In both interviews, Lentine repeatedly expressed remorse for submitting the amended timesheet. She was asked directly about her activity in Minnesota, and as the trial court found, “she would have produced evidence” of her work in Minnesota “if she had actually done [that work].” Lentine points to Keane's testimony that activities such as checking email would count as work if performed in the office, but that alone does not support Lentine's claim that she worked a full week in Minnesota, and the trial court did not err in finding that Lentine worked “at best” one to two hours per day.
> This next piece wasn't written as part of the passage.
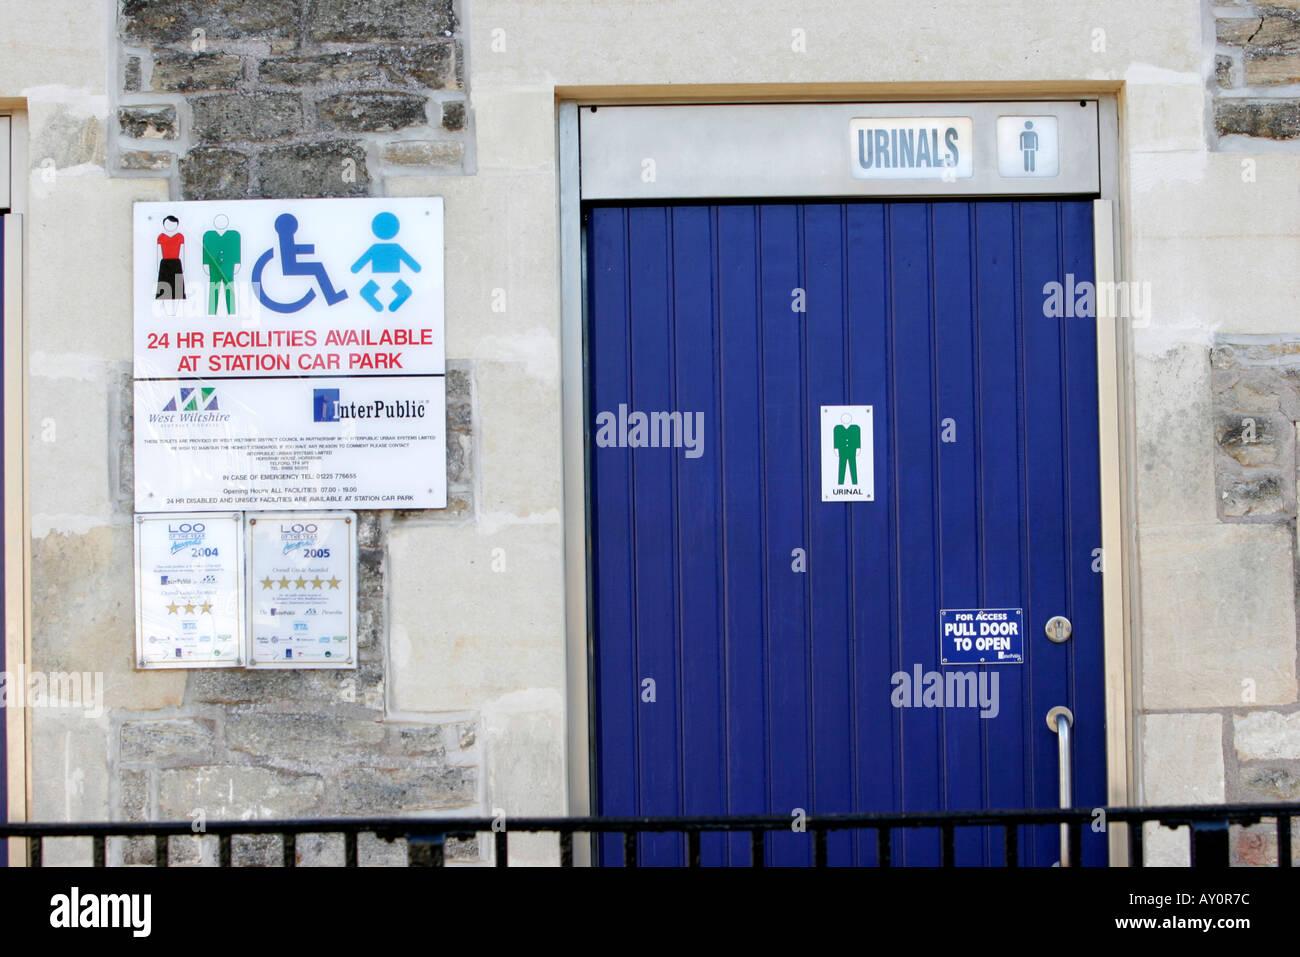 Urinals Sign Stock Photos & Urinals Sign Stock Images - Alamy

Second, Lentine argues that Keane failed to reveal certain facts to the other decision-makers, causing them to miss the “full story” of Lentine's actions. Lentine has not shown how knowledge of these facts would have affected the outcome of the investigation. We agree with the trial court that any potential defects in the investigative process were cured by “the fact that [Lentine] ... did not, in fact, work the 37 1/2 hours while in Minnesota.” The trial court did not err in finding insufficient evidence that the investigation was conducted unfairly.

Lentine alleges that Larsen was not told that Lentine initially submitted a leave slip and that Robinson had prepared the amended timesheet, which Hilderbrand approved. But Hilderbrand testified that he signed the amended timesheet unthinkingly and never had a discussion with Robinson about the matter that would have indicated his approval. Lentine also claims the decision-makers did not realize that Robinson vouched for Lentine working a full week in Minnesota. But the investigators were entitled to rely upon Lentine's own repeated statements that she did not believe she had worked in Minnesota, let alone a full 37.5 hours.

b. Lentine did not prove disparate treatment.

Lentine argues that her termination was objectively unfair because another employee allegedly committed a similar infraction but was not punished in a similar manner. An employer must “treat like employees alike,” and disparate employee treatment can “violate the objective aspect of the implied covenant.” Like employees, in the context of the implied covenant, are “those who are members of the same class, as defined by job position and the nature of the alleged misconduct.” The trial court found insufficient evidence that Fish and Game supervisors “knowingly permitted” other employees to “work less than 37.5 hours and not take leave for the difference between time actually worked and the 37.5 hours for which they were paid.”

Luedtke v. Nabors Alaska Drilling, Inc., 834 P.2d 1220, 1224 (Alaska 1992) (quoting Jones v. Central Peninsula Gen. Hosp., 779 P.2d 783, 789 n. 6 (Alaska 1989)).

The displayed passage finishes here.